Sure, all the training he had done to be what he needed to be to work there was just that- training. It
was something he was aware he did to meet and end.
But working there- serving the drinks, talking to the people, doing the mindless cleaning, yeah, it was easy to believe most nights that that was what he was- Danny the friendly neighborhood bartender.
"You're saying you want out?" Max asked, voice a strange mix of feelings Daniel couldn't quite decipher.
"That's what I'm saying."
"You understand the whole of what that means, right?"
Daniel shrugged, finishing off his second beer. "It means I can figure out who the fuck I am and what the fuck I want out of my life. I've given everything to this job. You, man, you have your family. They might not get to see you much, but they love you. You always have them to fall back on. I have shit. I have less than shit. My entire goddamn life fits into a duffle bag, ready to skip town at any given notice. This is no way to fucking live. Not anymore."

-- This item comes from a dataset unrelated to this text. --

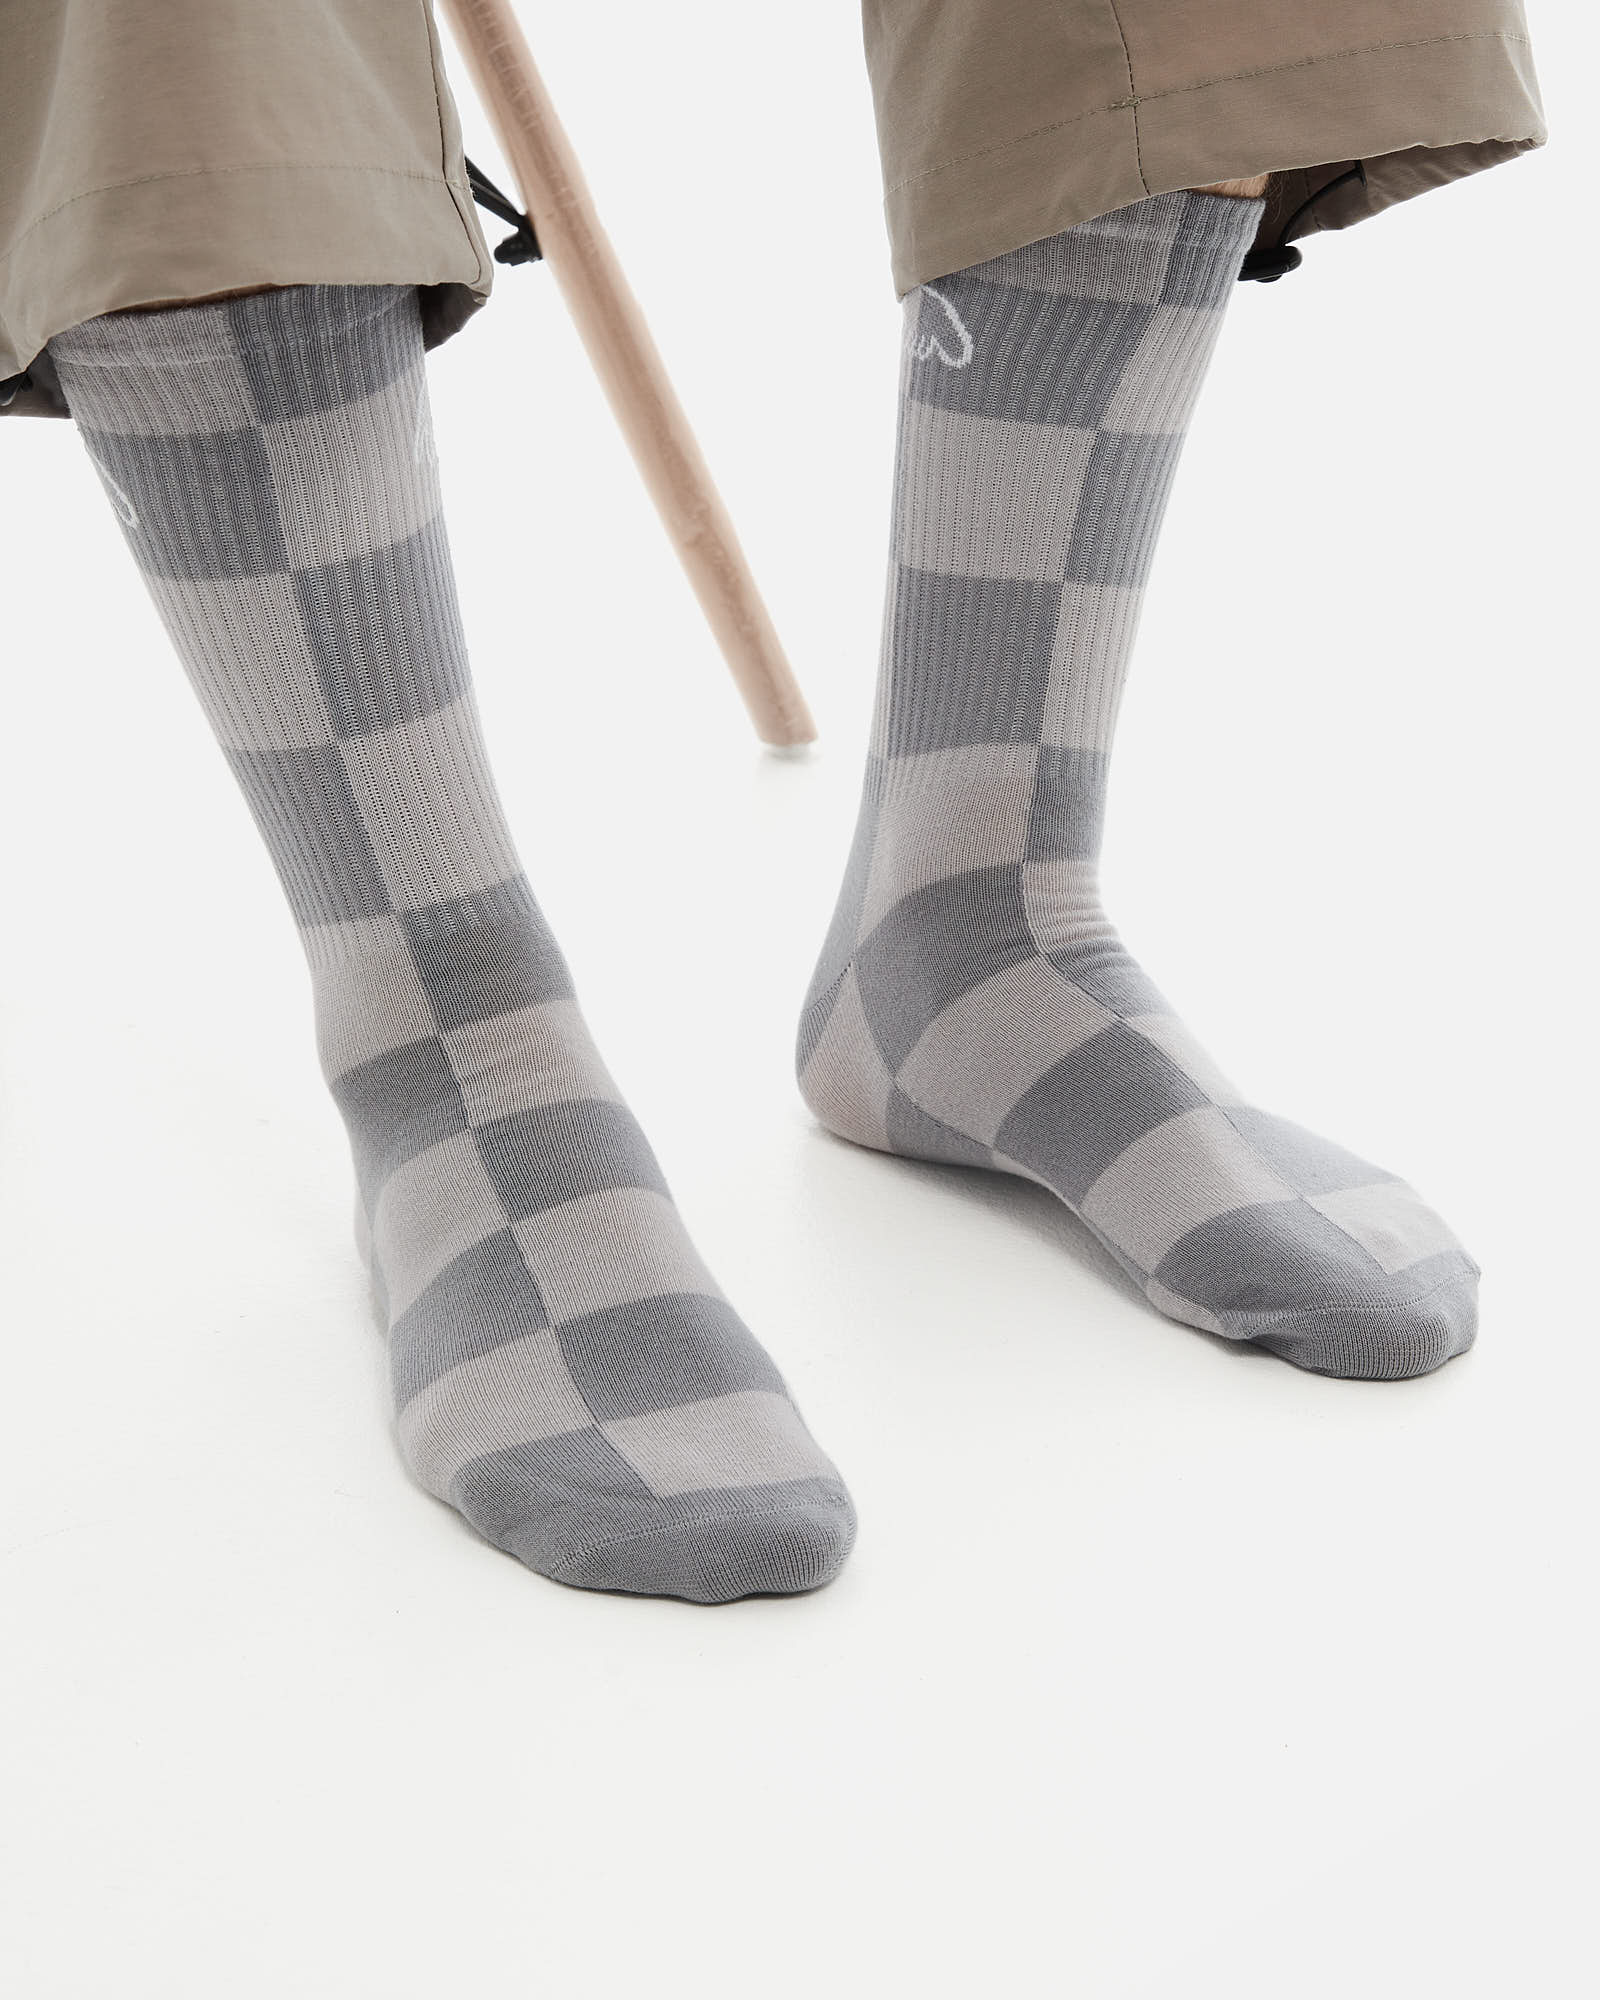 Носки Anteater Socks - фото 1

With that, he put his empty beer on the table and walked to the door, closed it without saying anything else. What more was there to be said?
He made his way back to his apartment, noticing with a feeling of distaste how hollow it was before going into his spare room, grabbing his separate cell, and calling in the news to his superiors. Not just about his cover being blown, but about quitting.
They completely ignored the latter, maybe picking up on a slowness in his speech, figuring he wasn't in his right mind, and drilled him on the former. They wanted to know how she knew, why she knew, what made her snoop in the first place.
And then they wanted to know something he never thought of until that moment: was Max's cover blown as well?
He didn't have an answer for them on that.
He didn't fucking know.
But Vin being the high-profile target the Bureau wanted so they could hang his head on their wall like a goddamn hunting trophy, they weren't convinced the risk was high enough to pull Max too.
So that Sunday, he was going back in.
Daniel hung up disgusted, voiced raised to people he used to trust with his life, with his secrets. Because they were taking unnecessary risks. And he knew Max; he would go in. He would finish the job. Or die trying.